Furthermore, it was evaluated by elemental analysis of the cured layer of the resin whether or not an element having a 7-valent electron was detected. The quantitative results are shown in Tables 2 to 7 below.

The measurement method used will be described below.

(1) Refractive index of the cured resin layer

In order to evaluate the refractive index of the cured composition, the composition was coated on a PET film on which a metal plate having a flat surface was placed, and then pressurized to have an overall thickness of 20 μm. Thereafter, an electrodeless ultraviolet irradiation system (600 W/inch, sold by Fusion Co., Ltd.) equipped with a D-type bulb was used, and the outer surface of the PET film was irradiated with an energy of 700 mJ/cm ² , and then the metal plate was peeled off. The refractive index of the composition solidified on the PET film was measured using a refractometer (sold by ATAGO ABBE, Japan, model: IT), and the light source used was a D-line type sodium lamp having a wavelength of 589.3 nm. The refractive index was measured at a temperature of 25 °C.

(2) Adhesion force (number of separation matrix sheets / 100)
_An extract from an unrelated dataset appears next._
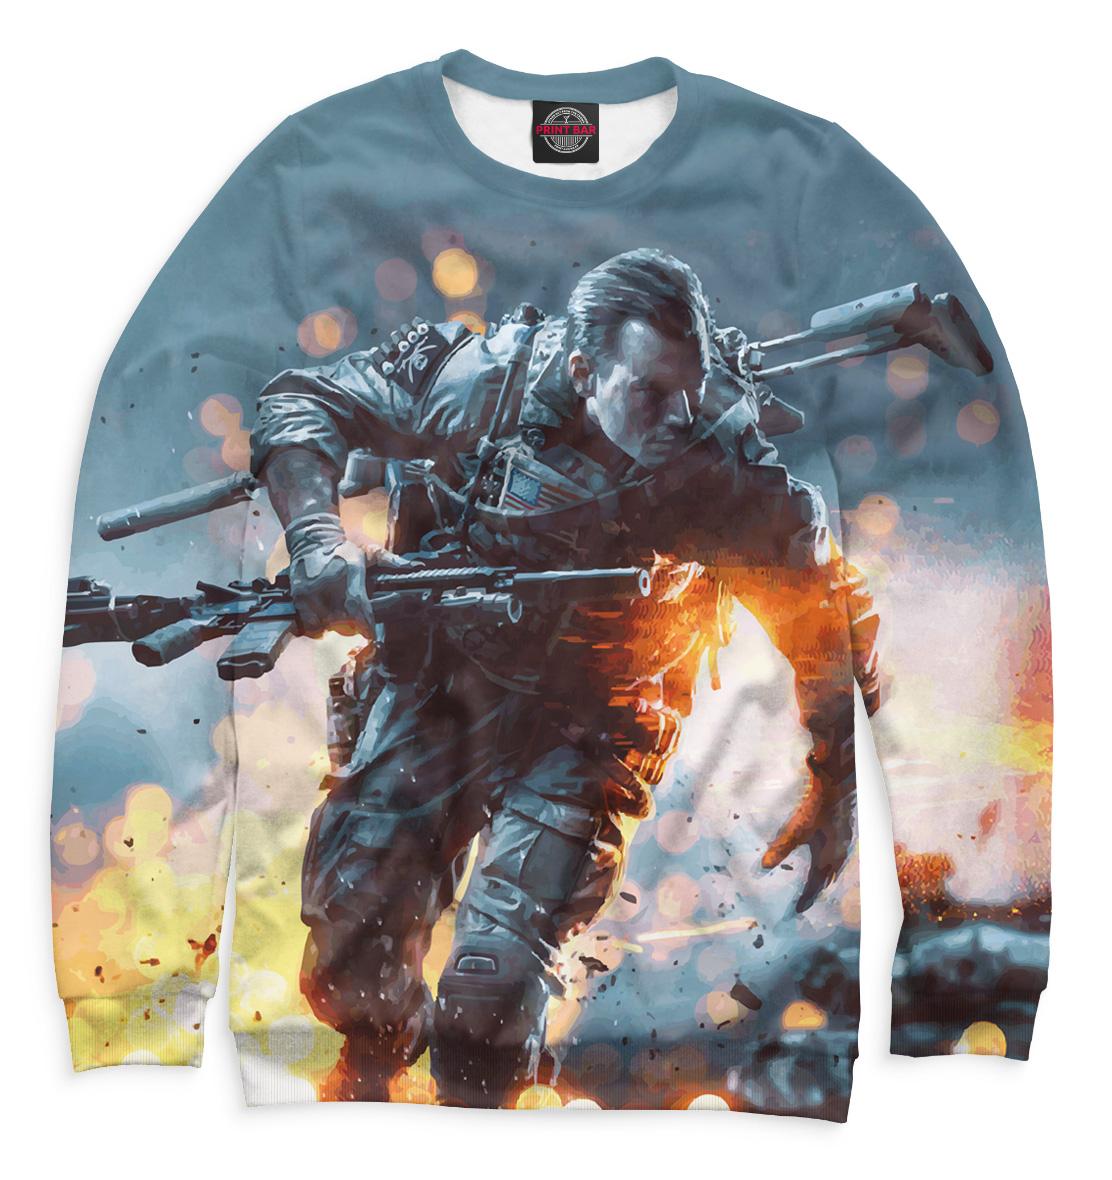 Купить Battlefield 4, Printbar, Свитшоты, BTF-983815-swi-1

The composition for a cured resin layer of each of Examples 1 to 2 and Comparative Examples 1 to 2 was coated on a transparent PET film, and a metal plate having a flat surface was provided thereon, and then pressurized to change the overall thickness thereof. 3 μm. Subsequently, A curing step is performed to remove the metal plate, after which only the cured layer having a specific thickness is cut into a matrix sheet having an area of 10 mm x 10 mm squares, and then the tape is adhered thereto and then the tape is vertically pressed with a strong force. The ground is peeled off from the adhesive surface, and the number of the stripped matrix sheets is calculated.

(3) Brightness

The two optical films of the foregoing Examples 1 to 4 and Comparative Examples 1 to 2 were mounted orthogonally to each other to a backlight module for a 17-inch LCD panel (sold by Heesung Electronics Co., Ltd., model: LM170E01), and a luminance meter was used. (Japan TOPCON company sales, model: BM-7) Randomly measure the brightness value of 13 points and average them.

(4) Elemental analysis

Elemental analysis was performed using an ion chromatograph.

As shown in Table 1, an optical sheet having a resin cured layer satisfying a specific range of refractive index and not containing a valence electron element can achieve appropriate brightness, and further, after the curing step, the cured layer of the resin is applied to the base layer. Adhesion is even better.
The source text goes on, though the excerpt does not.